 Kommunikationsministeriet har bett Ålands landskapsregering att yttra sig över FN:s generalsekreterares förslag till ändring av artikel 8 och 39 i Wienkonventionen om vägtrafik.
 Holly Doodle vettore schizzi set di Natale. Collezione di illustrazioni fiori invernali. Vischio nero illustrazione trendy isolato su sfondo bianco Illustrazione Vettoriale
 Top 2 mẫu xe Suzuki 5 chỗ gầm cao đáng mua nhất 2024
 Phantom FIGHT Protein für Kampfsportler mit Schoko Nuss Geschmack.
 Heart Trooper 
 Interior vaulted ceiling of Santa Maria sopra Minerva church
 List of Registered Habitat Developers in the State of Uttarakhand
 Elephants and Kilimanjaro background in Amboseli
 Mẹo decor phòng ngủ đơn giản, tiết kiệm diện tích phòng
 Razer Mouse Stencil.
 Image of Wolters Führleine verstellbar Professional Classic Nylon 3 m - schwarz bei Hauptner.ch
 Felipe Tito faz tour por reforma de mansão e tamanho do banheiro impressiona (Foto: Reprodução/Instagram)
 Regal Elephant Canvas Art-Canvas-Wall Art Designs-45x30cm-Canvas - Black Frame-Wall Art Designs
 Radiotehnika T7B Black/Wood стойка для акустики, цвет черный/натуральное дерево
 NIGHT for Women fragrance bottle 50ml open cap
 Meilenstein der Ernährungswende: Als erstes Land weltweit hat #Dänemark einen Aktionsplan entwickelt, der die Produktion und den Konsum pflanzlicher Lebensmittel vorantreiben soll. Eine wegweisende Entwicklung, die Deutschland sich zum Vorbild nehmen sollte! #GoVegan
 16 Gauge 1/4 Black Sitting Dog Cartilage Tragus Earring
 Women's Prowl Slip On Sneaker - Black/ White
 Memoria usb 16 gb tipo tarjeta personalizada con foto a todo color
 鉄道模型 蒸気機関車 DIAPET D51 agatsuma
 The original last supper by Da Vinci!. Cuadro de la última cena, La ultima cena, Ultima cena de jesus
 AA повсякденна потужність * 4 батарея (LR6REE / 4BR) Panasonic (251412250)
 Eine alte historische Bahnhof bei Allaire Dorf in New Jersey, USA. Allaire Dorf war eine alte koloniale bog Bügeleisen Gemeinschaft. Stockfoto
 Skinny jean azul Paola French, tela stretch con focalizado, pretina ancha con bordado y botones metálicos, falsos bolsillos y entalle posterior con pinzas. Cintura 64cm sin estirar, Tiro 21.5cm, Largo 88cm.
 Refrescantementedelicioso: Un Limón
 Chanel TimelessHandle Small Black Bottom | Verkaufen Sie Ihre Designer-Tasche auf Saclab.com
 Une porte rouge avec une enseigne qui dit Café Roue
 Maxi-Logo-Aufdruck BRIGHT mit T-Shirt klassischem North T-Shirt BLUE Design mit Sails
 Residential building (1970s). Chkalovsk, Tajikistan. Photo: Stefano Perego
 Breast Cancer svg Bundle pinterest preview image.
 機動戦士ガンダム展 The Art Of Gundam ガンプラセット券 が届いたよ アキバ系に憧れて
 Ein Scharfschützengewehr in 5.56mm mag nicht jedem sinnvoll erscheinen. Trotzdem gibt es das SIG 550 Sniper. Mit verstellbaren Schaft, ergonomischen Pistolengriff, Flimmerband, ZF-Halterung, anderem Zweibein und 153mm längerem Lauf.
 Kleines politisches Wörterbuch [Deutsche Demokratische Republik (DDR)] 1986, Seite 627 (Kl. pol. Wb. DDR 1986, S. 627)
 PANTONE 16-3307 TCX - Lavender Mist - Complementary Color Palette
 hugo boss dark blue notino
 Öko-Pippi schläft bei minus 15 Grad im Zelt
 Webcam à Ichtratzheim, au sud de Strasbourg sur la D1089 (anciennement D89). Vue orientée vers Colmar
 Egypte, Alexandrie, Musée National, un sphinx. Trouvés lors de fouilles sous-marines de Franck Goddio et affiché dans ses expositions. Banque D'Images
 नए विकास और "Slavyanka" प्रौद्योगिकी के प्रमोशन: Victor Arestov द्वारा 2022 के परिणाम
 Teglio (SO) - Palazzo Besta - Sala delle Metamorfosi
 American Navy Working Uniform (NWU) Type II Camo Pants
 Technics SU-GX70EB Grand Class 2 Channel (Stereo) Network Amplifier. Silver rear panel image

_WHAT YOU WILL DO:_ Output the lines above exactly, but only those between the line holding "Image of Wolters" and the line holding "Chanel TimelessHandle Small", inclusive.

_SOLUTION BELOW:_
 Image of Wolters Führleine verstellbar Professional Classic Nylon 3 m - schwarz bei Hauptner.ch
 Felipe Tito faz tour por reforma de mansão e tamanho do banheiro impressiona (Foto: Reprodução/Instagram)
 Regal Elephant Canvas Art-Canvas-Wall Art Designs-45x30cm-Canvas - Black Frame-Wall Art Designs
 Radiotehnika T7B Black/Wood стойка для акустики, цвет черный/натуральное дерево
 NIGHT for Women fragrance bottle 50ml open cap
 Meilenstein der Ernährungswende: Als erstes Land weltweit hat #Dänemark einen Aktionsplan entwickelt, der die Produktion und den Konsum pflanzlicher Lebensmittel vorantreiben soll. Eine wegweisende Entwicklung, die Deutschland sich zum Vorbild nehmen sollte! #GoVegan
 16 Gauge 1/4 Black Sitting Dog Cartilage Tragus Earring
 Women's Prowl Slip On Sneaker - Black/ White
 Memoria usb 16 gb tipo tarjeta personalizada con foto a todo color
 鉄道模型 蒸気機関車 DIAPET D51 agatsuma
 The original last supper by Da Vinci!. Cuadro de la última cena, La ultima cena, Ultima cena de jesus
 AA повсякденна потужність * 4 батарея (LR6REE / 4BR) Panasonic (251412250)
 Eine alte historische Bahnhof bei Allaire Dorf in New Jersey, USA. Allaire Dorf war eine alte koloniale bog Bügeleisen Gemeinschaft. Stockfoto
 Skinny jean azul Paola French, tela stretch con focalizado, pretina ancha con bordado y botones metálicos, falsos bolsillos y entalle posterior con pinzas. Cintura 64cm sin estirar, Tiro 21.5cm, Largo 88cm.
 Refrescantementedelicioso: Un Limón
 Chanel TimelessHandle Small Black Bottom | Verkaufen Sie Ihre Designer-Tasche auf Saclab.com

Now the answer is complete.